(Items from a dataset)
....................
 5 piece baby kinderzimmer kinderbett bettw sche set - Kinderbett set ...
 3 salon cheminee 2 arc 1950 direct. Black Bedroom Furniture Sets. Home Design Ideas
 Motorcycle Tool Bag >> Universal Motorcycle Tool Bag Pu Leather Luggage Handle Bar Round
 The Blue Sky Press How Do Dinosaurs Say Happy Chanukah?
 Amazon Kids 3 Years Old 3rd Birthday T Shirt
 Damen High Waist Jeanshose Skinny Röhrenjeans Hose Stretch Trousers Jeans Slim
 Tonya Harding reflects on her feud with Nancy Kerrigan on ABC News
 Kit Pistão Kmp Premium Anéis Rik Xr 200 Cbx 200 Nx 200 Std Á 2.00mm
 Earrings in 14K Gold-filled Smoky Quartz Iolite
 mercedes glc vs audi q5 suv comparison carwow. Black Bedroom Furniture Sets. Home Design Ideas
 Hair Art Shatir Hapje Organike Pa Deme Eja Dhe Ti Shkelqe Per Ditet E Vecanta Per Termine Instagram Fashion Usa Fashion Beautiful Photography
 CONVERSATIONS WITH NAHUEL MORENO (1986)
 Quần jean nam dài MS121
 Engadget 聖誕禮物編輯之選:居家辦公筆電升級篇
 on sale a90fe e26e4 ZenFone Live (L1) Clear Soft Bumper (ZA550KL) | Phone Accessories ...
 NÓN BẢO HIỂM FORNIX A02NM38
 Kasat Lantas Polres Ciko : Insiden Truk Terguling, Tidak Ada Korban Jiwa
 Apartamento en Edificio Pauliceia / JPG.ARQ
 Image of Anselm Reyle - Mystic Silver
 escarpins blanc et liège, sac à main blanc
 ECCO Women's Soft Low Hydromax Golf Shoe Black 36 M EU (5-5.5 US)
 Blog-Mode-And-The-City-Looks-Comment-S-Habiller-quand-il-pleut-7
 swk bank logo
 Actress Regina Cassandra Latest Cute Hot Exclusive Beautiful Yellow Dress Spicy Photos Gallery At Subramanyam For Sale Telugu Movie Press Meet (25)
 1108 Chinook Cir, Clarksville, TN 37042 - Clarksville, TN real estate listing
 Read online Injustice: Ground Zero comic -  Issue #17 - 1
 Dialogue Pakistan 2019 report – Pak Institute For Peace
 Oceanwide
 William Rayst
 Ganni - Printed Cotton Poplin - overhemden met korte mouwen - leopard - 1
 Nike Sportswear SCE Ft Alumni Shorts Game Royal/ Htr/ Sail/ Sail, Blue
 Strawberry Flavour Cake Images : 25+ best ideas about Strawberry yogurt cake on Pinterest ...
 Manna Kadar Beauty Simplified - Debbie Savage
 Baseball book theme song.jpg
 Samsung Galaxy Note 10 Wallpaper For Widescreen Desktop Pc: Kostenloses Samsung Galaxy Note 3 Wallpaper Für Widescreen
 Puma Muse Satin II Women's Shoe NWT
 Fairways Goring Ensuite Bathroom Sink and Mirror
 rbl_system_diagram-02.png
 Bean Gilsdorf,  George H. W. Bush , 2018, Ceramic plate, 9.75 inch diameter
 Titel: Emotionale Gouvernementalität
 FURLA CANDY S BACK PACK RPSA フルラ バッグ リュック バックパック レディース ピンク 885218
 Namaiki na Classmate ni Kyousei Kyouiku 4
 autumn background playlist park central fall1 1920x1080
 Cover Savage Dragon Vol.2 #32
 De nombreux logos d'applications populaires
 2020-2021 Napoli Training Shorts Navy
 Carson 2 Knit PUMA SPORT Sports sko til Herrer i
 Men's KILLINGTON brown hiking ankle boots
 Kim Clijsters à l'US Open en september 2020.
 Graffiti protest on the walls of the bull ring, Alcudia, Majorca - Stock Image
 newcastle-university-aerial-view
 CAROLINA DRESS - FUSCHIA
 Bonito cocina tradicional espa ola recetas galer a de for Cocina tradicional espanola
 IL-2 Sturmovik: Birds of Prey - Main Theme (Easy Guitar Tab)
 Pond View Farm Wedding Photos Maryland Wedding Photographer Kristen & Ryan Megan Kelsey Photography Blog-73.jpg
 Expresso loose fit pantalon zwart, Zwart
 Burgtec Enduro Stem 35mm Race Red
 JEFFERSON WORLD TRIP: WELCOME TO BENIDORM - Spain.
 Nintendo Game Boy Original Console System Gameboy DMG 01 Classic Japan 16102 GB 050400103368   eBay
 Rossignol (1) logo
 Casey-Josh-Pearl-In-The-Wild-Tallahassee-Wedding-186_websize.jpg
....................
■ Exercise instructions
Please say how many lines of the records contain the word "Shorts", giving the number by itself.

■ Solution for this task
2